Come up with real-life explanations on why the terms identified in the previous part are important. (This is an open-ended question, just make sure your answer makes sense.) (2 points)

i)

Lastly, find a threshold to get all three (training and both test) datasets above 75% accuracy and 50% recall. Note that you only worry about the threshold now. Lasso took care of finding good interactions. (3 points)

4) Bonus: ElasticNet (11 points)

The entire goal of this part is to get you familiar with an alternate model: ElasticNet. It is implemented by adding both Lasso and Ridge penalties to the RSS (or subtracting them from the loglikelihood.) How much Lasso and how much Ridge penalty is up to two hyperparameters.

a)

For regression, sklearn has its own object and its CV version for ElasticNet.

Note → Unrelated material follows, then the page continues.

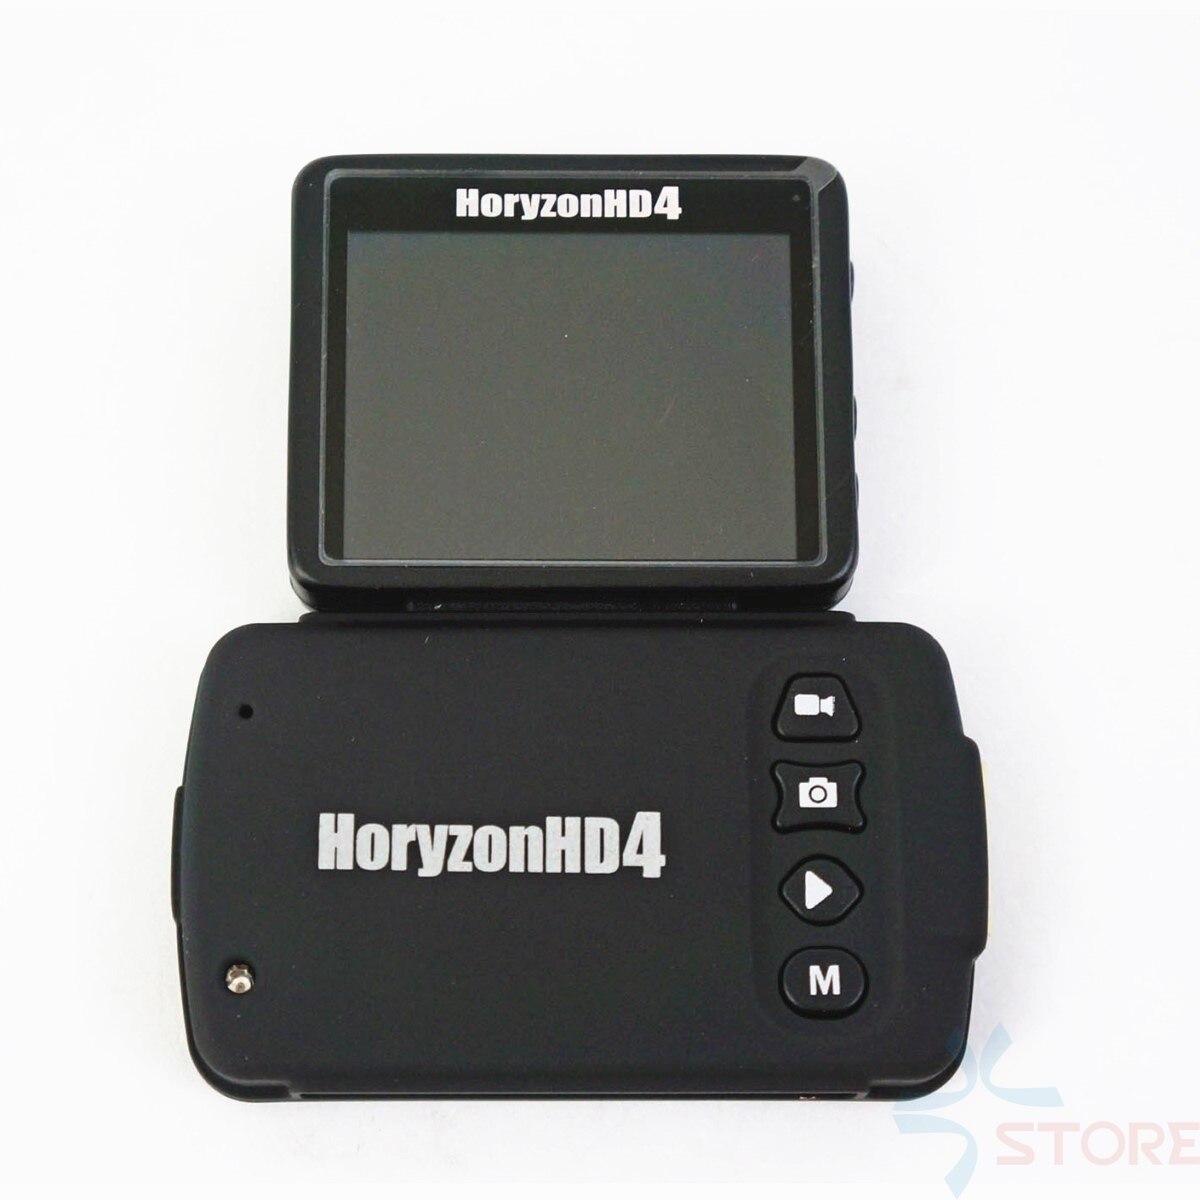 Foxtech HoryzonHD Full HD V4 1080P 14 megapíxeles alta definición FPV Cámara w/DVR 140 Deg lente gran angular especialmente para la foto FPV

Do your own research and implement a 5-fold cross-validation for the options of 25% Lasso-75% Ridge, 50% Lasso-50% Ridge and 75% Lasso- 25% Ridge, and the alpha values of alphas = np.logspace(10,0.1,200).

Use the dataset given in the first question (with the same columns dropped.)
You still need to scale.
Return the best Lasso-Ridge ratio and the alpha value pair that corresponds to the best test performance.
Note that even if you use the CV object, you have to use loops.

(8 points)

b)

How many models were run in the cross-validation process of two hyperparameters? (1 point)

c)

Briefly mention how you would implement ElasticNet for Logistic Regression. Again, you need to do your own research. (2 points)